Le parquet de Paris a annoncé l’ouverture d’une enquête en flagrance pour « soustraction (quatre personnes concernées) et tentative de soustraction (quatre personnes concernées) en réunion à une mesure administrative ».
D’autres évasions dans le passé
Ce n’est pas la première fois qu’une telle évasion a lieu au CRA de Vincennes. Le 27 avril dernier déjà, 10 personnes s’étaient évadées du même centre en passant par une trappe de désenfumage. Leur fuite avait été constatée par des caméras, et trois migrants avaient rapidement été rattrapés près du bâtiment.

En juin 2024 aussi, 14 exilés s’étaient enfuis du CRA de Vincennes en passant par le toit grillagé. Seule une personne de ce groupe avait été retrouvée.
Et, quelques mois plus tôt, en décembre 2023, 11 personnes s’étaient échappées de ce même centre de rétention. Les retenus avaient « forcé une fenêtre » puis « découpé » un trou dans un premier grillage entourant les lieux, d’après la préfecture de police.
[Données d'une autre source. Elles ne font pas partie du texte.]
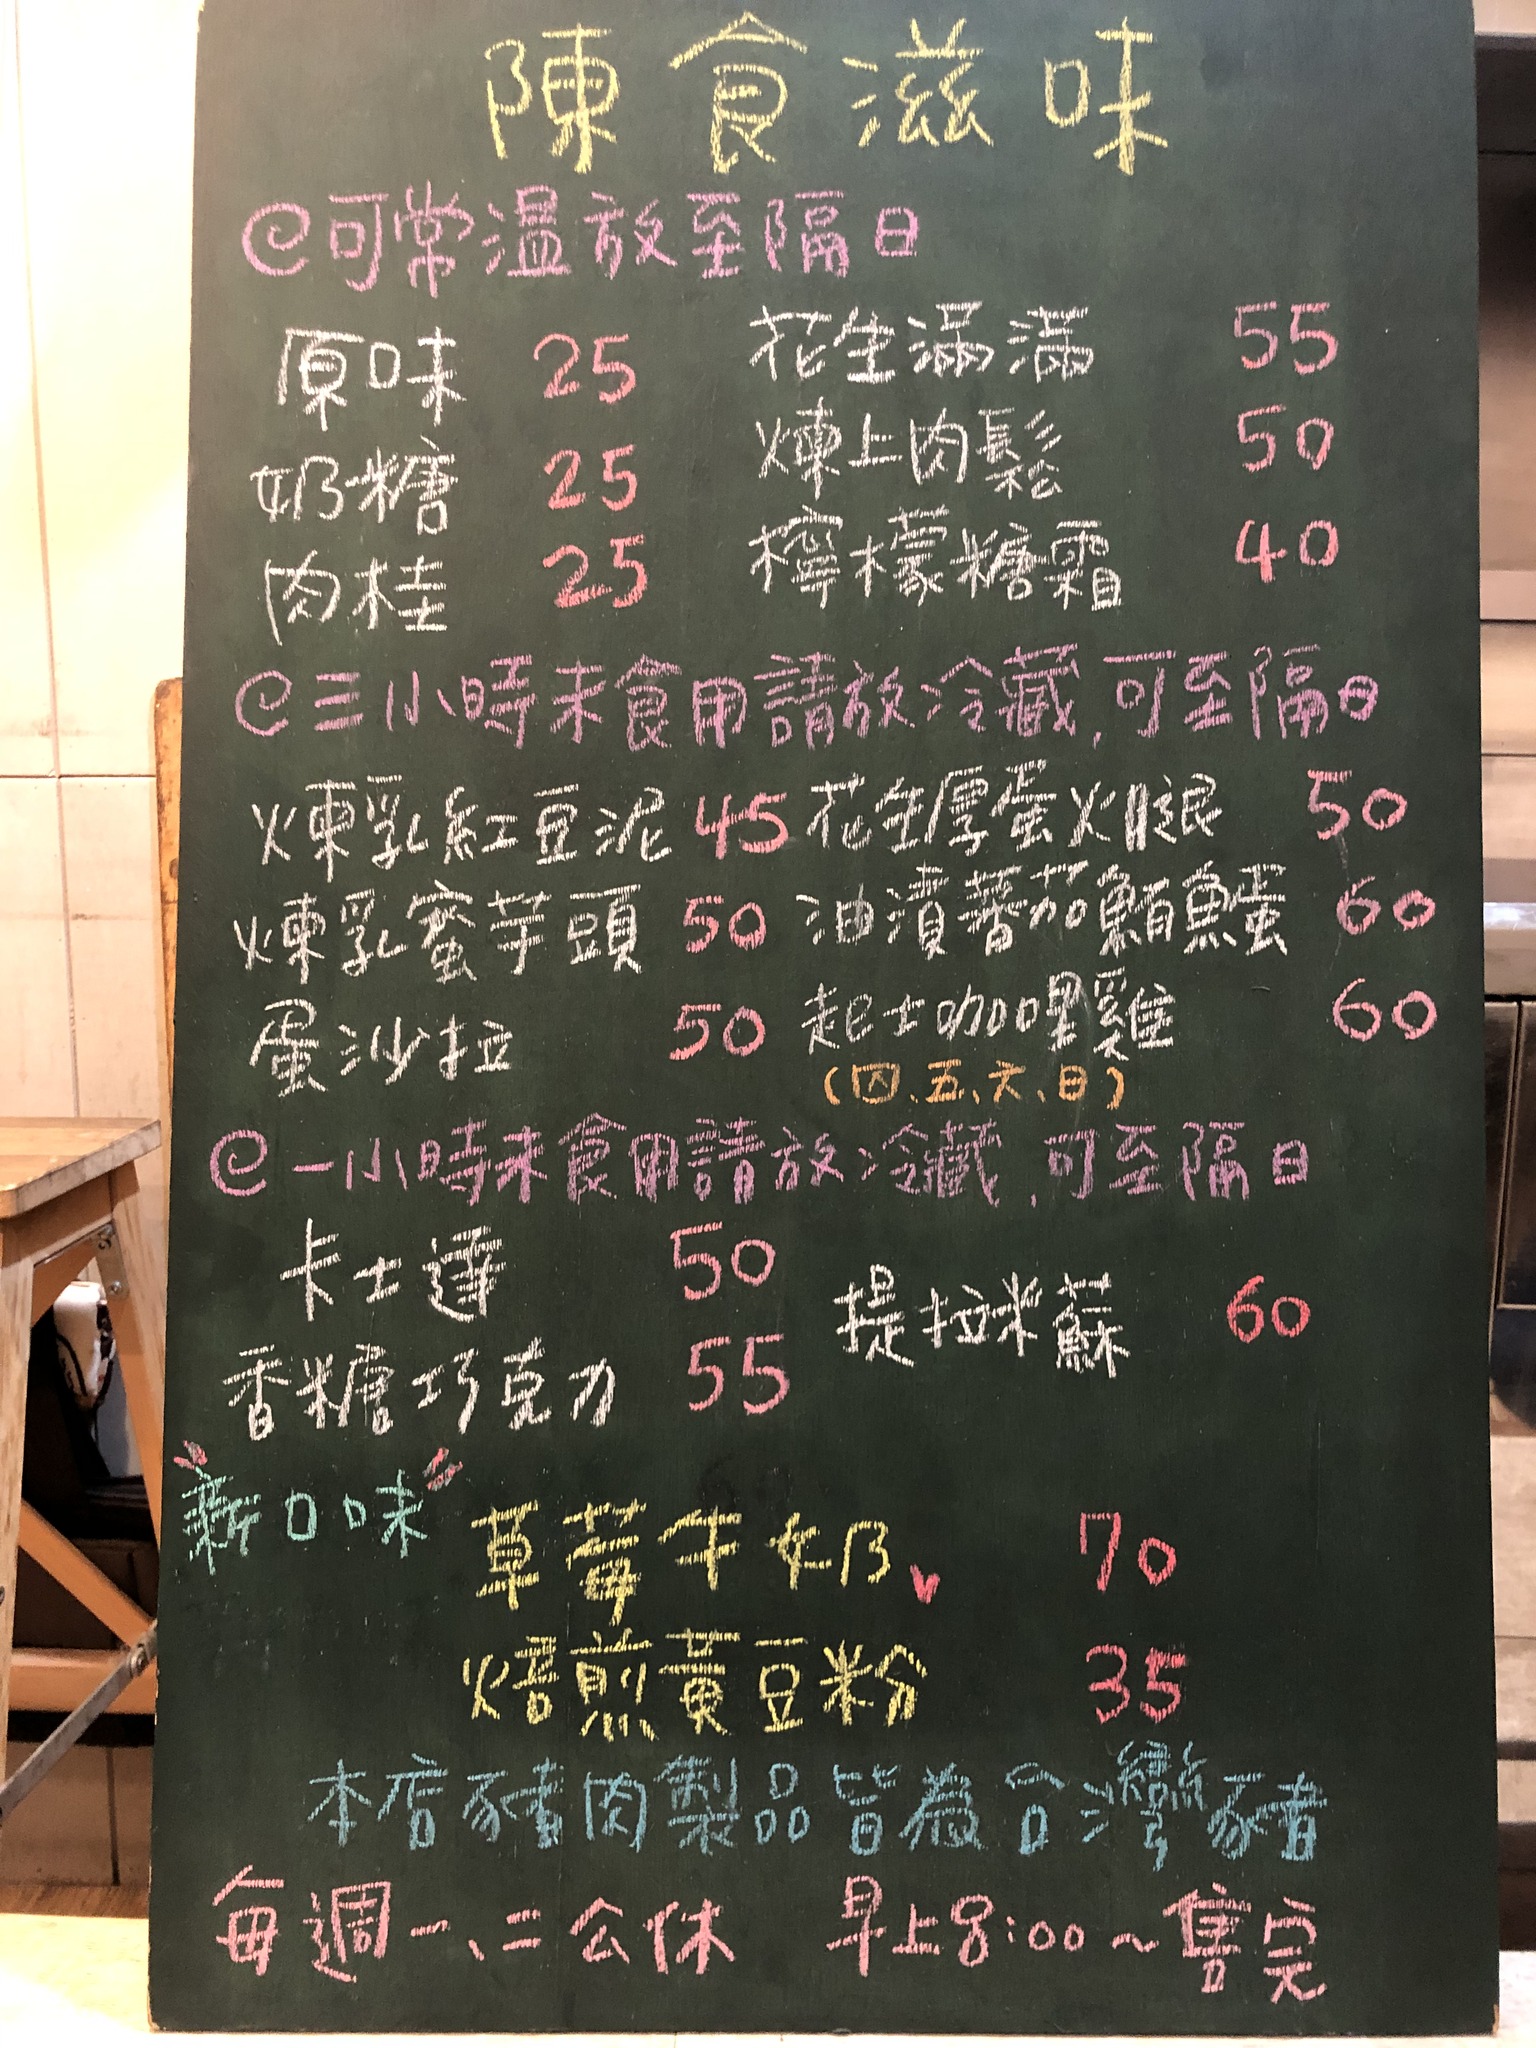 陳食滋味｜選用日本昭和麵粉製作甜甜圈一顆25元超熱賣(菜單) @女子的休假計劃

Puis, ils avaient sauté d’une hauteur de plusieurs mètres avant d' »escalader le dernier mur d’enceinte » en disposant « des couvertures sur les barbelés ».
D’autres évasions ont également eu lieu en France. En mai 2024, deux évasions s’étaient déjà produites en moins de 24 heures : la première à Lille, dans le nord de la France, où sept personnes s’étaient enfuies du CRA de Lille-Lesquin ; et la deuxième depuis le CRA de Sète, dans le sud de la France, quand 10 exilés avaient pris la fuite.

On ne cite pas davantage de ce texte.